Le bonheur est une notion difficile à cerner pour les jeunes enfants. Un atelier philo sur « qu’est-ce que le bonheur » peut être intéressant.
Le rossignol de l’empereur de Chine de Andersen peut permettre d’enrichir les connaissances sur les contes et croyances en Chine.
« L’Empereur de Chine, qui ne quitte jamais les limites de son palais, ignore qu’il existe un peu plus loin, au-delà de ses jardins maniérés, des lacs profonds et des bois touffus que les gens du peuple connaissent bien. C’est de là que sort le rossignol au chant mélodieux qui charme l’empereur au point qu’il en a les larmes aux yeux.
Aussitôt il demanda a ses serviteurs d’aller le chercher, les serviteurs le lui ramènent, les japonais se mettent en tête de fabriquer un rossignol mécanique, couvert de rubis et diamants, et qui chante, disent -ils, aussi bien que le vrai rossignol. En vérité, les pêcheurs du lac savent bien que rien n’égale le chant du vrai rossignol, mais l’empereur, séduit par l’idée de garder un faux oiseau qu’il peut manier à sa guise, chasse le vrai rossignol.
Longtemps, la cour et les gens du peuple admirent le rossignol de rubis. Mais la mécanique se détraque et le faux rossignol meurt. L’empereur lui-même est à l’agonie. C’est alors que reparaît le vrai rossignol. Il sauve le monarque et lui demande de garder le secret de ses visites. »
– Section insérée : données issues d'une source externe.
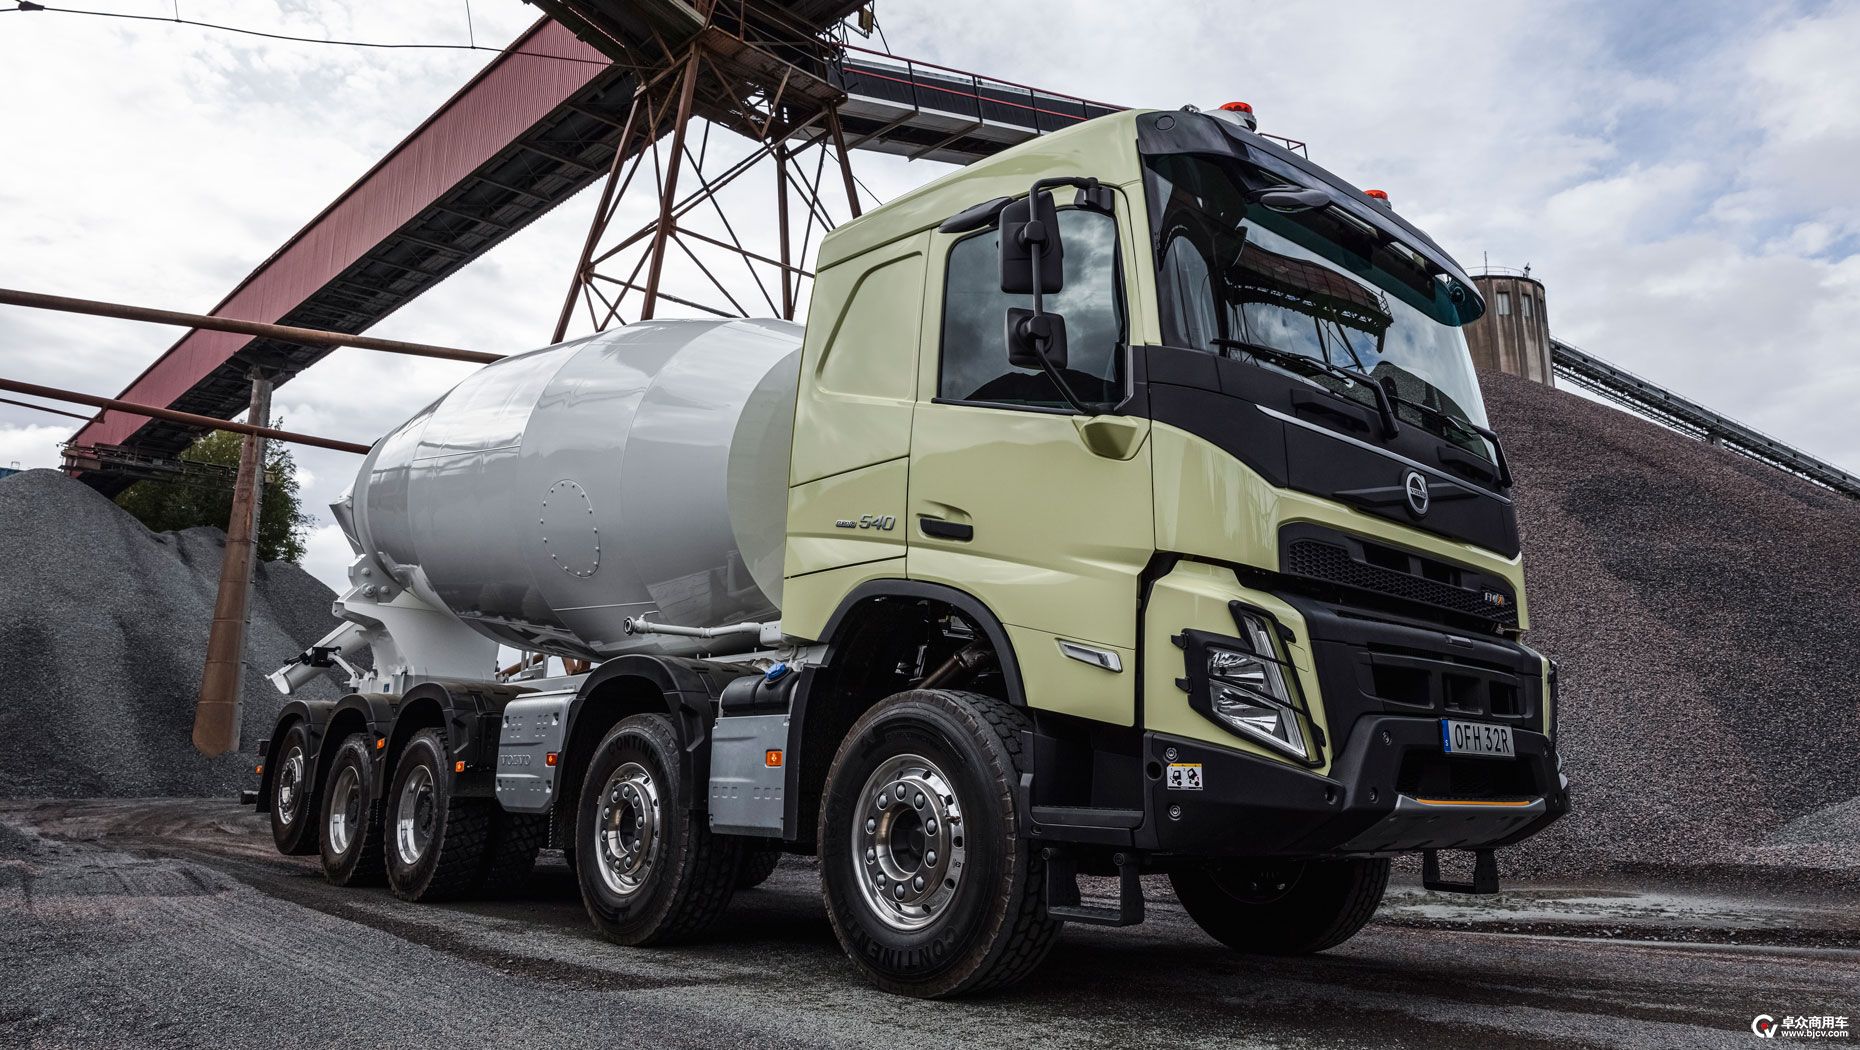 Volvo Trucks takes its most robust construction truck into the future with  the new Volvo FMX - English - 卓众商用车

Il est également possible d’aborder le thème du grillon dans les histoires. Il est pour les chinois le triple symbole de la vie, de la mort et de la résurrection. On le retrouve dans Pinocchio où il est associé à la Fée, mère de Pinocchio et devient sa conscience, celui qui le remet sur le droit chemin. Il apparaît souvent dans les contes méditerranéens comme le gardien du foyer, une promesse de bonheur.